There are other points to be made and addressed:

Existing knowledge gaps must be filled concerning techniques, community resources, experience of others, and achievable goals.
The range of care delivery models must be assessed and documented.
Methods of coordination with other services must be explored.
The financing of care must be regarded as an immediate priority.
We are talking about labor-intensive care, increasingly expensive, and the reimbursement systems which have not caught up with these facts.

Children with special needs entering the adult system are not overly welcomed because:

They should many times overstay their DRG norm.
They may not be covered -- any longer -- by their parents' insurance.
If employed -- even part time -- they may be part of the working poor -- uninsured but not destitute enough to be on welfare or even eligible for Medicaid.
For the rest of this century, everything we discuss in reference to medicine, health care delivery or policy will merely be symptomatic of the overarching tension between our aspirations for health care and our resources to pay for them.

The two populations at greatest risk of medical neglect are the elderly and children.
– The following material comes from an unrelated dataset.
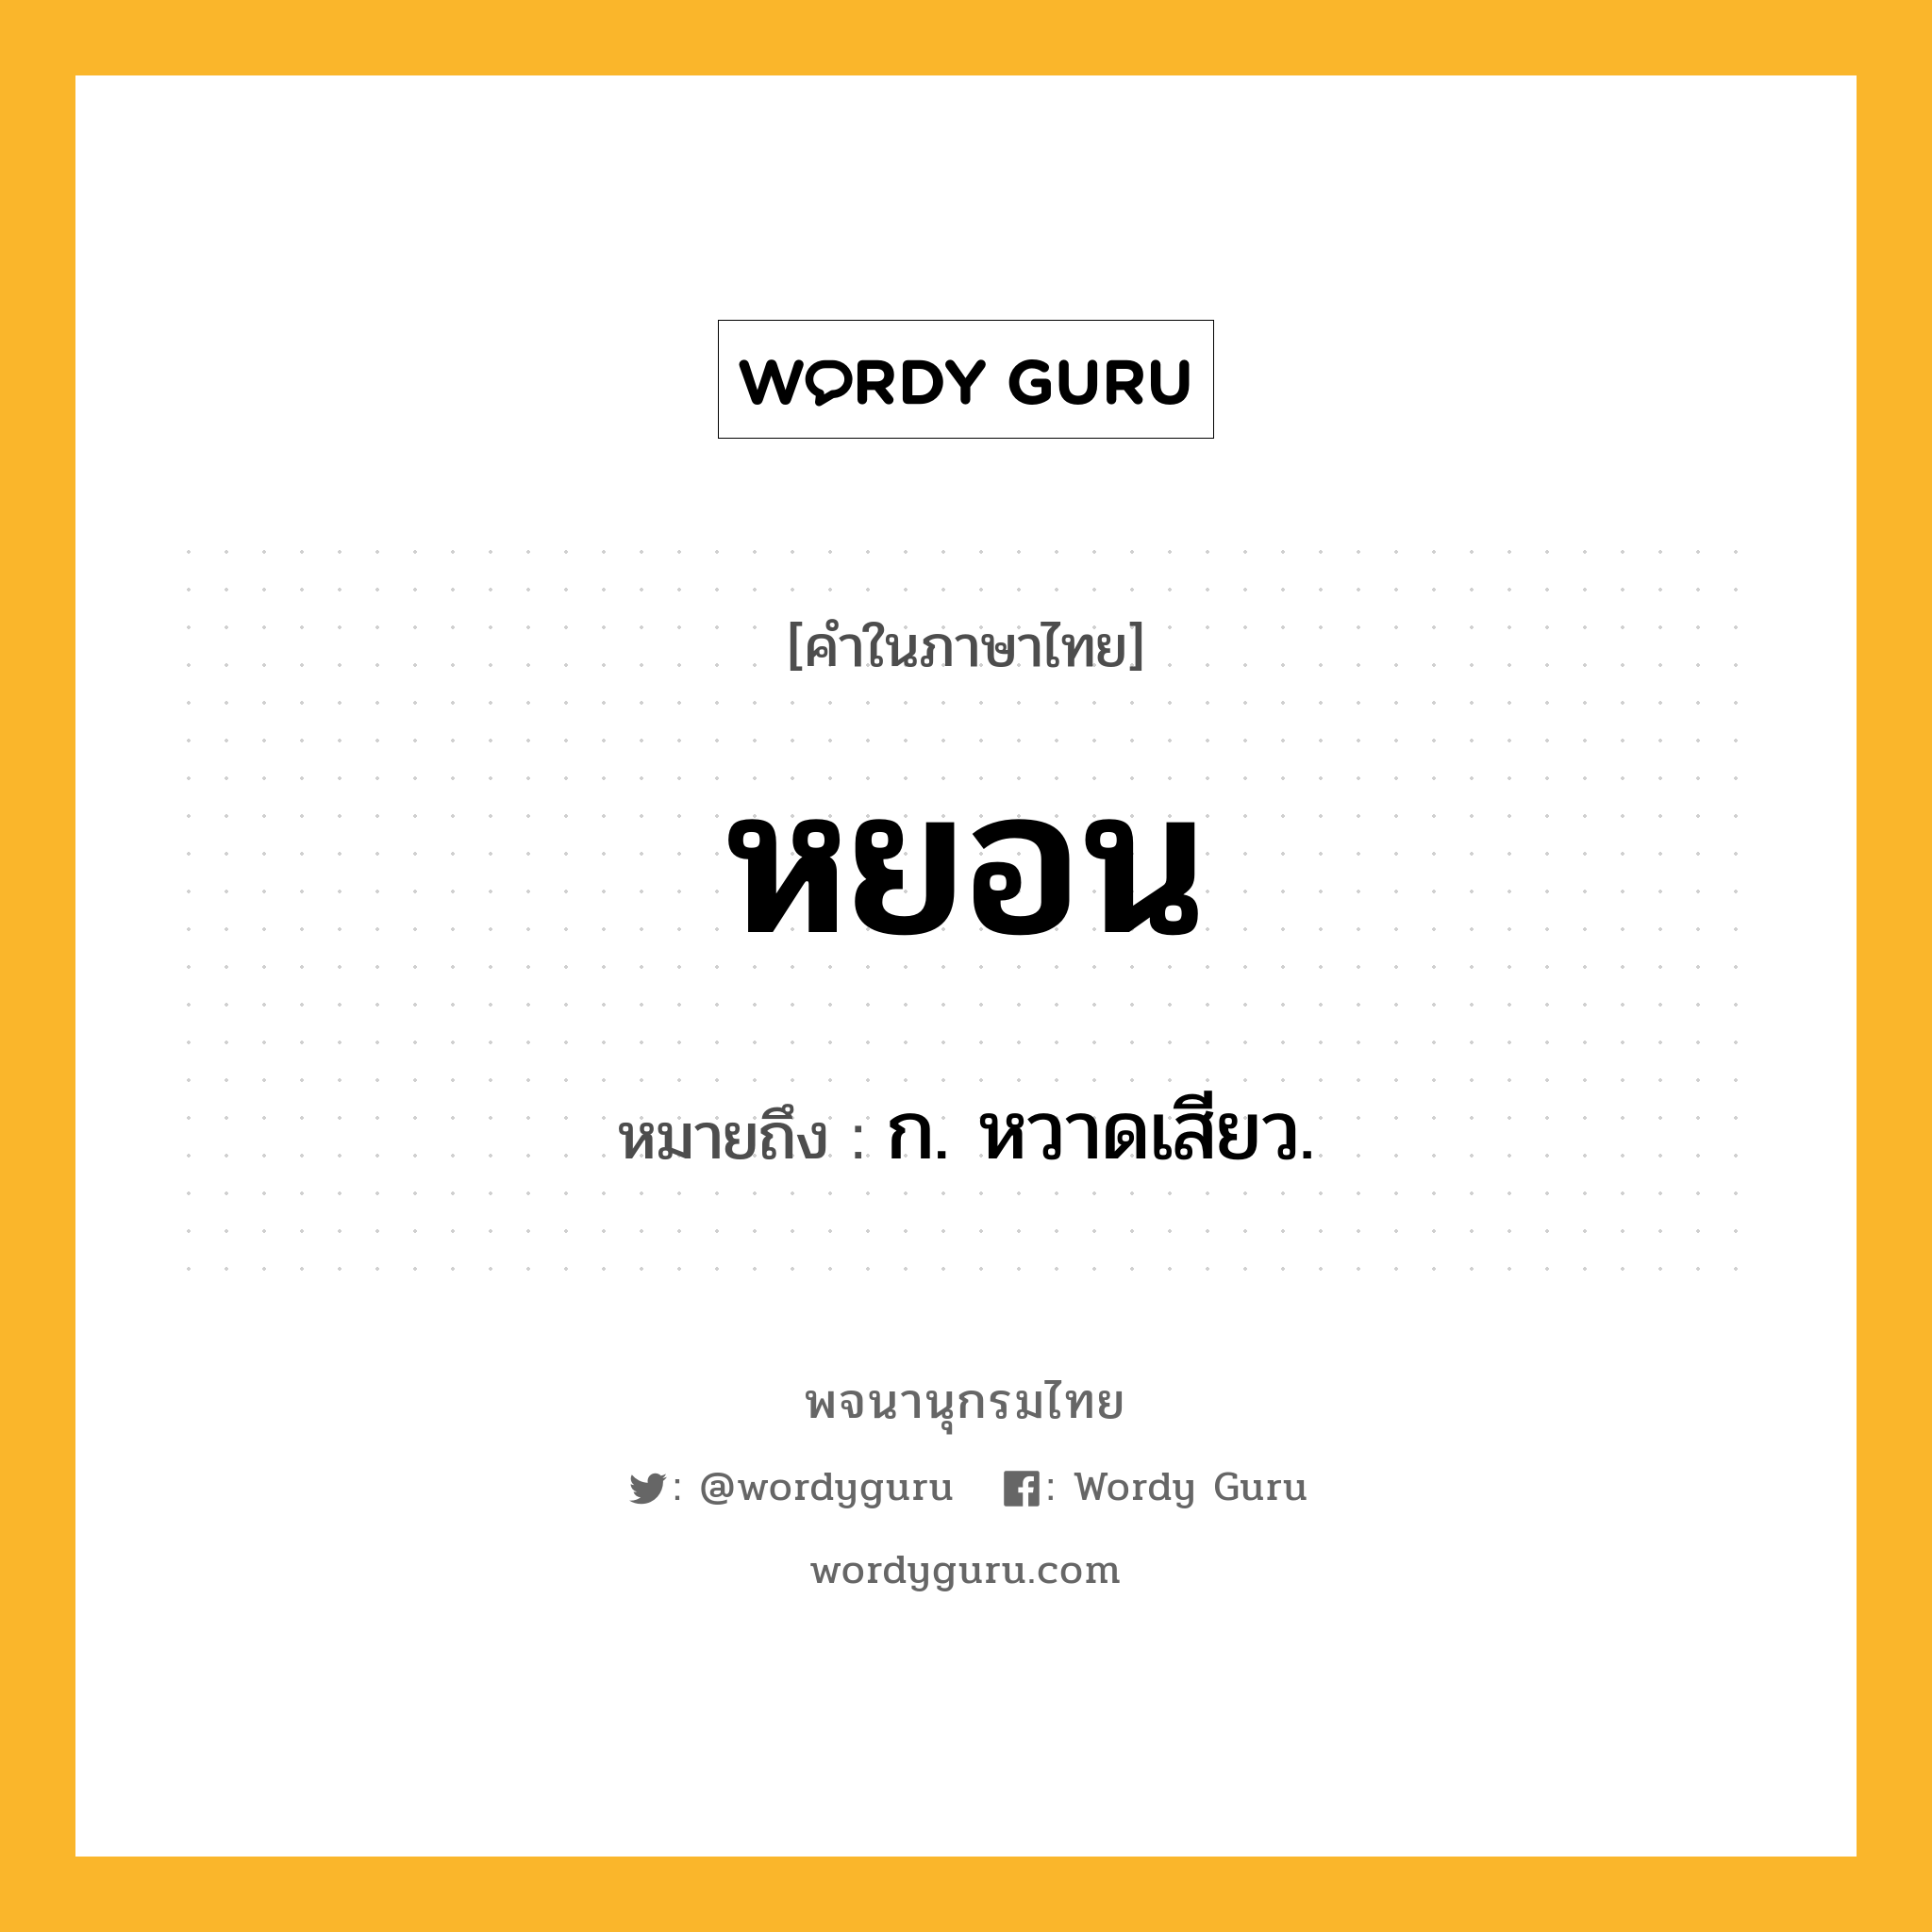 หยอน ความหมาย หมายถึงอะไร?, คำในภาษาไทย หยอน หมายถึง ก. หวาดเสียว.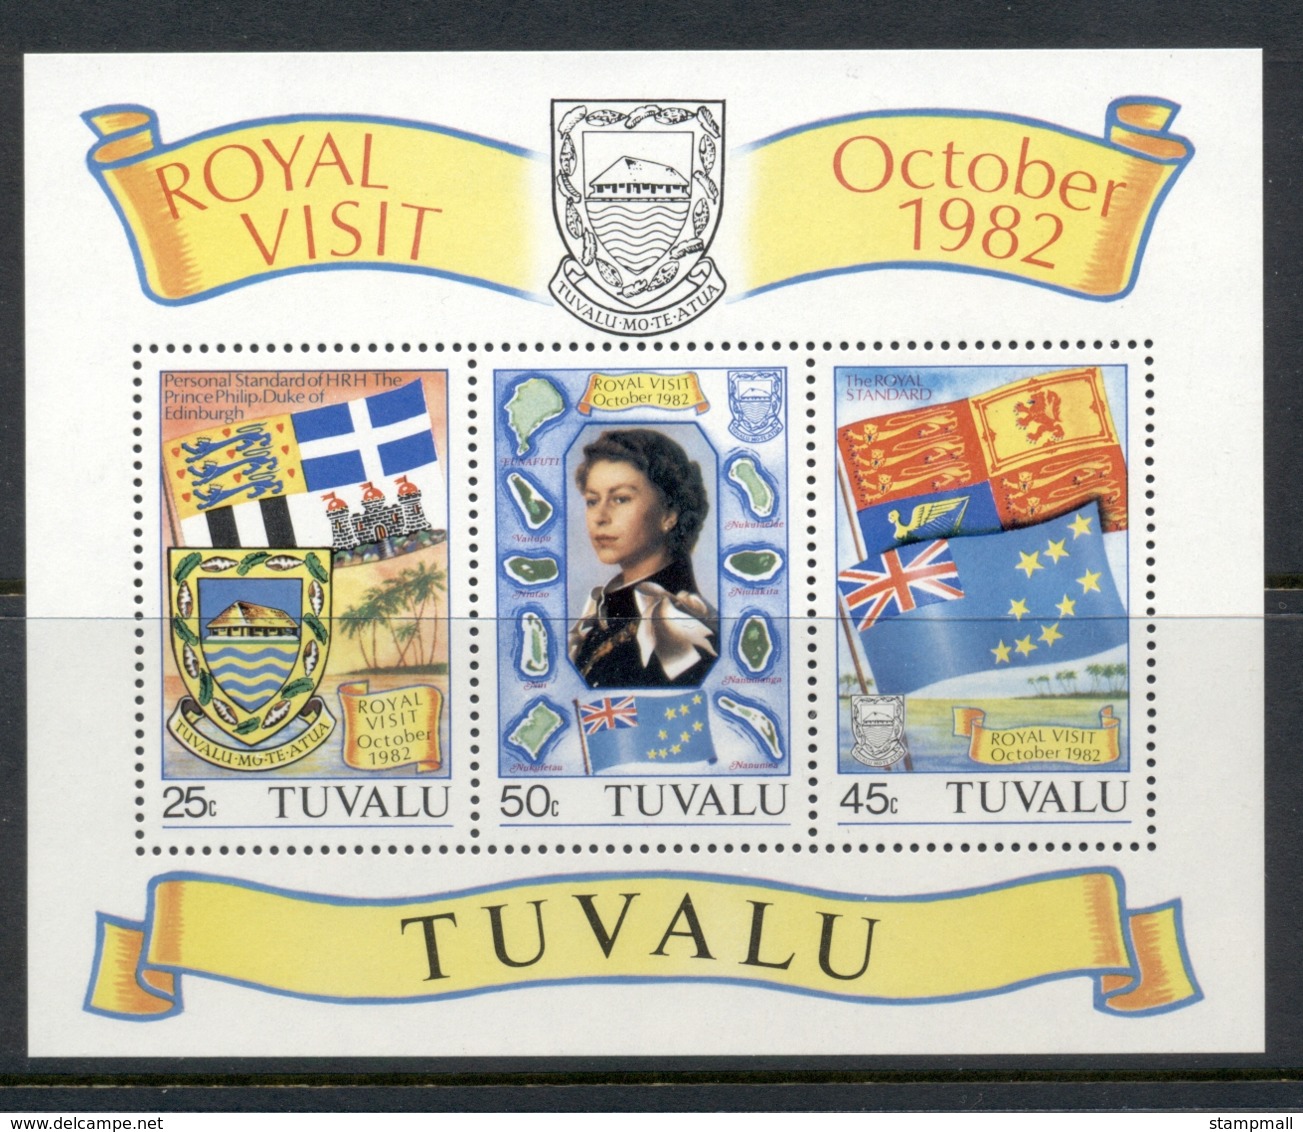 Tuvalu 1982 QEII Royal Visit MS MUH - Tuvalu

We will have to fight harder than ever for the funds to care for special needs children and young people.

It is unlikely that any administration or any Congress will address this issue on the clear merits of the situation -- in spite of the nation's affluence and prosperity. But the day will come when the business community will exert much greater pressure than at present for a more realistic method of funding health care. We must be prepared for that day so our special needs children are not shortchanged as the health care delivery system is rebuilt. We must be certain that there is adequate documentation of the essential range of health services so that implementation may take place without delay as soon as resources are made available.

These are the issues we ask you to discuss with us over the next two days -- along with any additional ones from your experience you would like to bring forth.

Let us clearly identify the problems and plan concrete efforts which each of you can pursue within your own organization. Let us then outline some efforts we can jointly pursue to knock down the barriers currently preventing our young people from living their lives to the fullest.